Applying the Concept:  Privatizing Social Security                                            

President George W. Bush spent much of the winter of 2005 traveling around the country trying to convince people that the Social Security system needs to be reformed.  Unless something changes, in 30 years or so the current system will not be able to make the promised payments to the retirees.  The President has suggested solving this problem by moving to a system of private accounts.  Countries as dissimilar as Chile, Sweden, Mexico, Poland and Singapore have such mandatory systems of private accounts. What would it mean to make such change in the U.S.?

When thinking about retirement, it is important to keep two things in mind. First, someone has to bear the risk of providing income to the elderly; and second, the way in which we do it affects the size of the economy and productivity.

Risk-bearing and insurance are central to any pension system. Insurance allows us to engage in productive activities we would otherwise avoid. But sometimes the government needs to get involved. Most people agree that we should all have a guaranteed level of income even if our jobs disappear. But private insurers will not sell unemployment insurance for two reasons: policyholders could misbehave at work, increasing the odds of collecting on the policy (this is the moral hazard problem described in Chapter 11); and in the event of an economic depression, the private fund would not be able to make the necessary payments.

The possibility of living a long life creates a risk that one's savings will be exhausted before dying. Who should bear that risk?   Should we each bear it alone, or is it better for us to insure each other and bear the risk collectively?

A system of private pension accounts shifts this income risk from the population as a whole back to individuals, eliminating the insurance component of the system. This is the argument for a government-sponsored system; one that insures against elderly poverty.

How should such a system be financed? Current government-sponsored pensions systems are "pay-as-you-go": taxes on working people finance payments to retirees.* One of the biggest problems with a pay-as-you-go system is that individuals treat their tax payments as retirement savings. Politicians encourage Americans to think of Social Security as equivalent to a private pension system in which payments accumulate in an account that is converted into an annuity at retirement. As a result people do not save. This lower private saving in turn lowers investment and leaves the economy less productive.

A well-designed government pension system must insure the incomes of the elderly in a way that does not reduce economic growth. That means moving away from pay-as-you-go. Is privatization the answer? At first glance, the answer would seem to be yes – partial privatization with a safety net to insure retirees didn’t starve.  But political realities suggest that such a system will break down. While our discussion in Chapter 8 suggests that long-run investments in the stock market aren’t that risky (see Figure 8.4 on page 194) the day could come when some pending retirees’ private accounts do poorly, so benefits fall short of expectations. Then, the government becomes the insurer of last resort. In other words, when the stock market produces high returns, account holders win, and when the market does poorly, taxpayers lose.

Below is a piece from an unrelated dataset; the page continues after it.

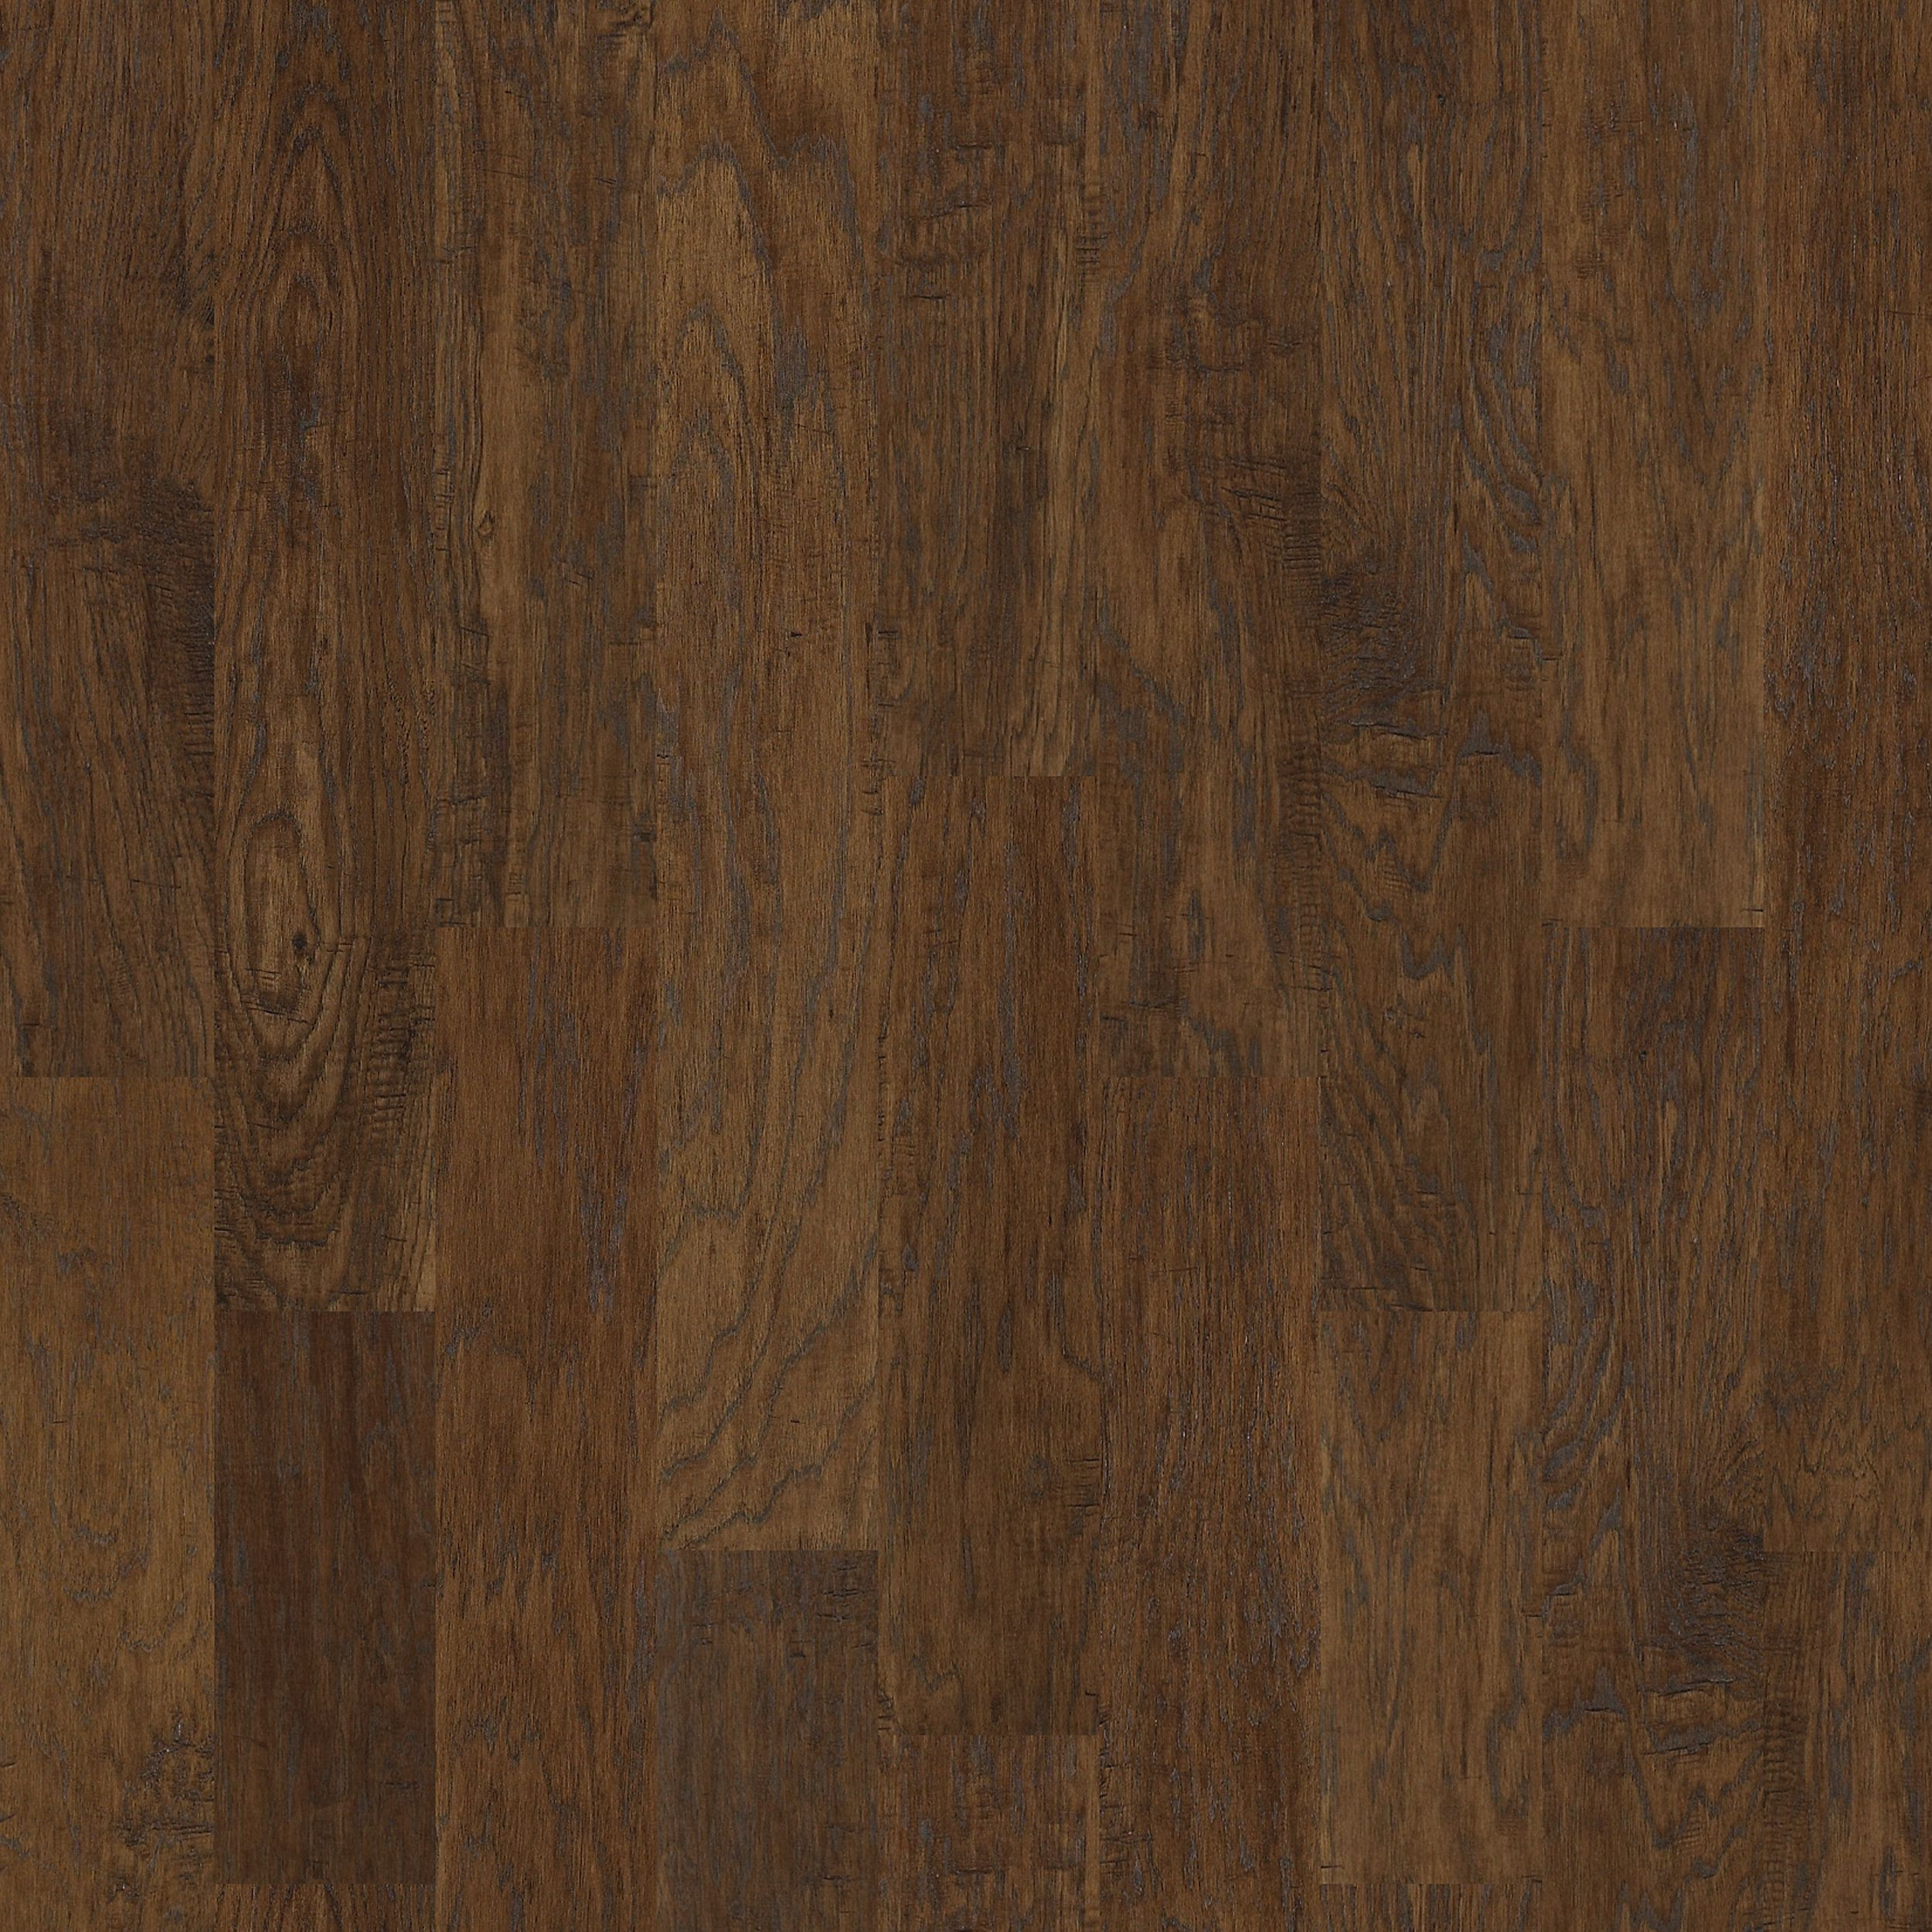 14 Great Hardwood Floor Installation Barrie 2024 free download hardwood floor installation barrie of this handscraped hickory wood flooring comes in a beautiful array of for this handscraped hickory wood flooring comes in a beautiful array of colors and

An alternative is for the government-run system to accumulate a real trust fund, one invested in privately issued stocks and bonds. That is, create a transition to what is called a “fully-funded” system and meet the two objectives of encouraging economic growth and guarding against the elderly become poor. [550]

                                                                                                                            


 

* The Social Security System was founded in 1935. At the time, the country was slowly recovering from the Great Depression, so it was important to begin making payments immediately.  This meant that it was impossible to establish a funded system in which individuals make contributions while they work in order to build up a fund for that can finance their retirement incomes later.